Drunken Angel is available on DVD with a good print and good English subtitles. For more information, see the DVD guide.
Next month, we will be looking at Anton Chekhov’s play A Marriage Proposal, which Kurosawa directed for the stage after Drunken Angel. The play, an English translation of which is freely available from Project Gutenberg, can also serve as a spring board for a wider discussion of Kurosawa’s Russian and Soviet influences.

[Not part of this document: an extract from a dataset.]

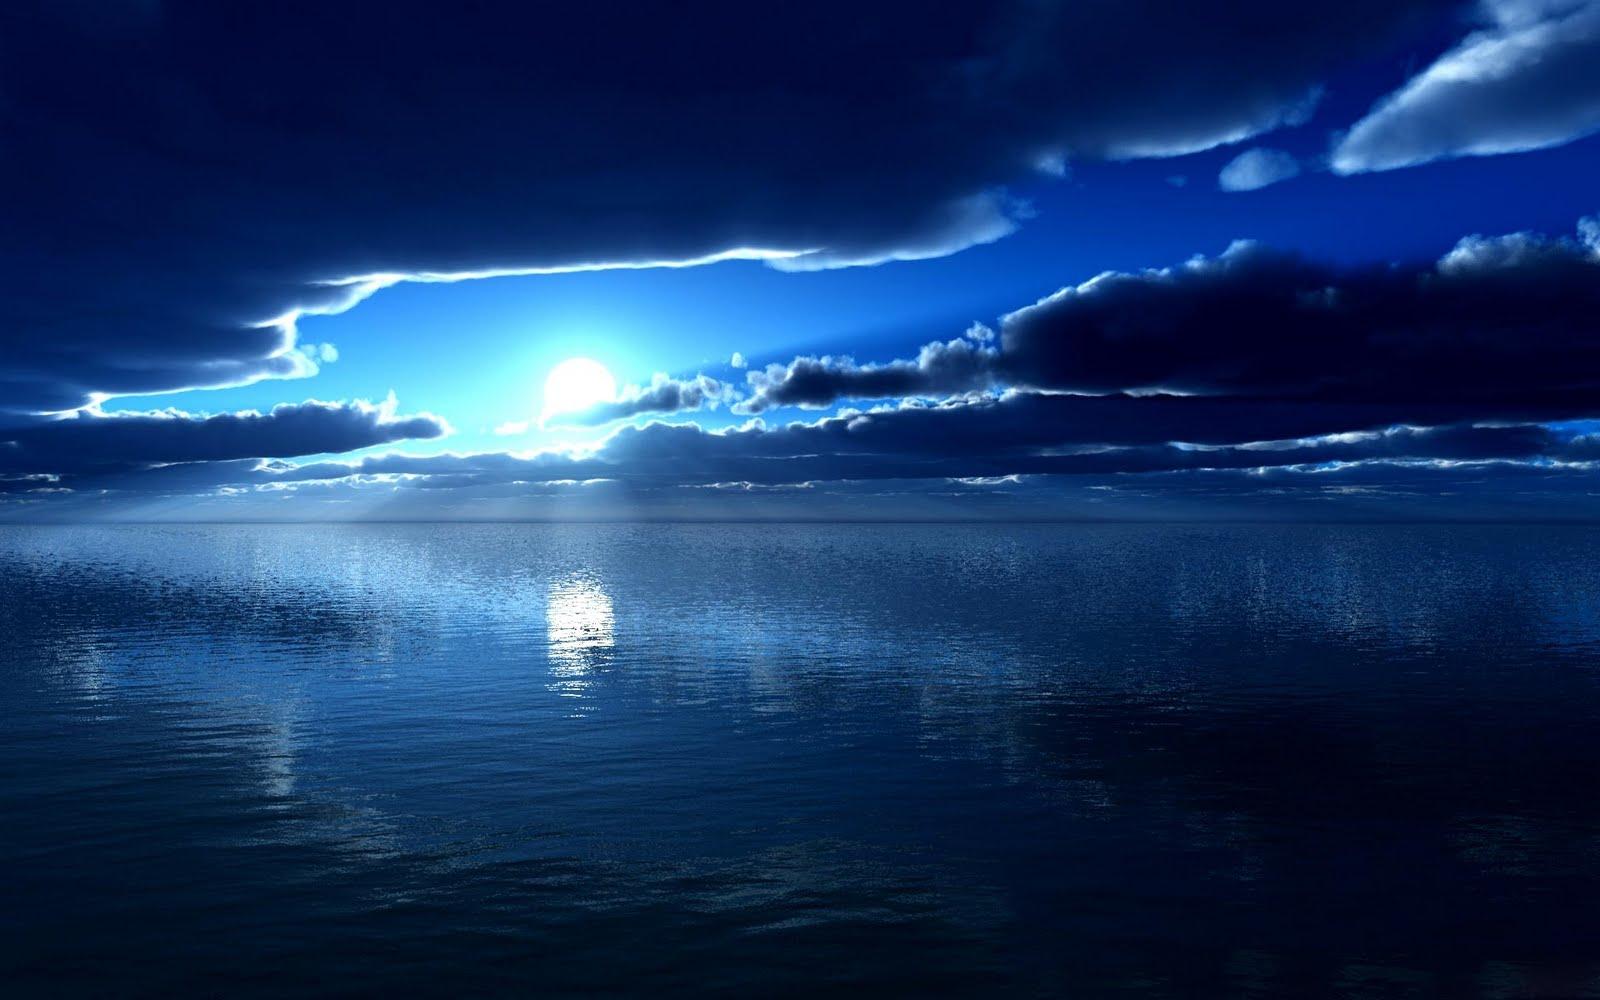 night2Bromantic - Beauty O'v NaTuRe ....... !!!!!!!!
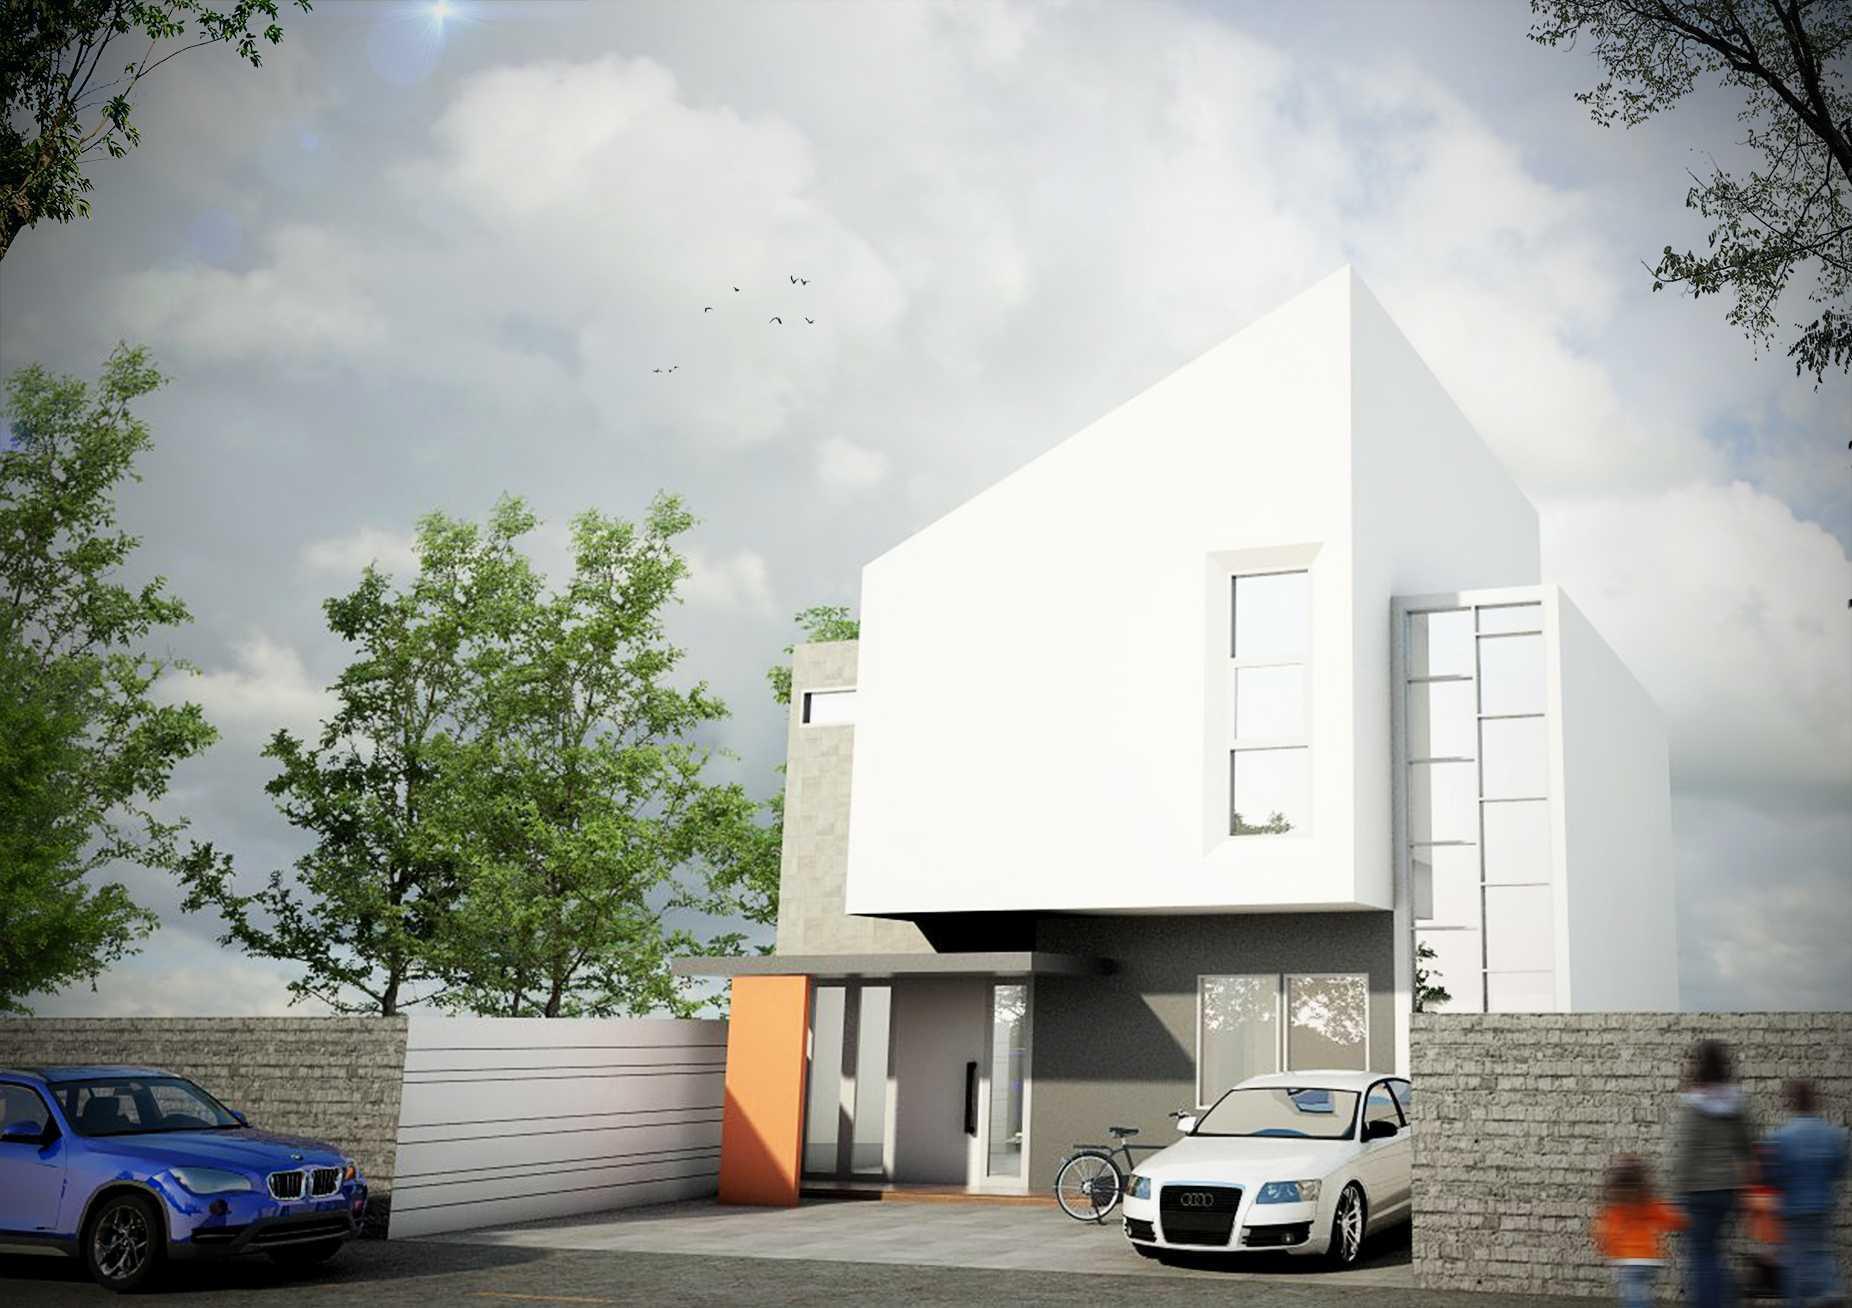 Sabio Design Modern White Facade House - Jakarta Jakarta, Daerah Khusus Ibukota Jakarta, Indonesia Jakarta, Daerah Khusus Ibukota Jakarta, Indonesia Sabio-Design-Modern-White-Facade-House-Jakarta  119841

As the play is quite short, you are invited to pick something Russian that may also have influenced Kurosawa, and explore it for the benefit of the rest of us.
For more information about our Akira Kurosawa Film Club, including the full schedule, see the film club page.
Thanks for the intro, Vili! I haven’t rewatched Drunken Angel yet for this month’s film club, but I remember liking it better than the somewhat thematically and stylistically similar Stray Dog, though not by much, and being more impressed with Shimura’s Sanada than Mifune’s Matsunaga, though Mifune certainly cuts a dashing figure. Despite his alcoholism, Sanada stood for something worthwhile, whereas Matsunaga is someone lacking self-knowledge who lives far more dangerously than he realizes.
I guess that puts me at odds with Yoshimoto and in agreement with Prince on this one.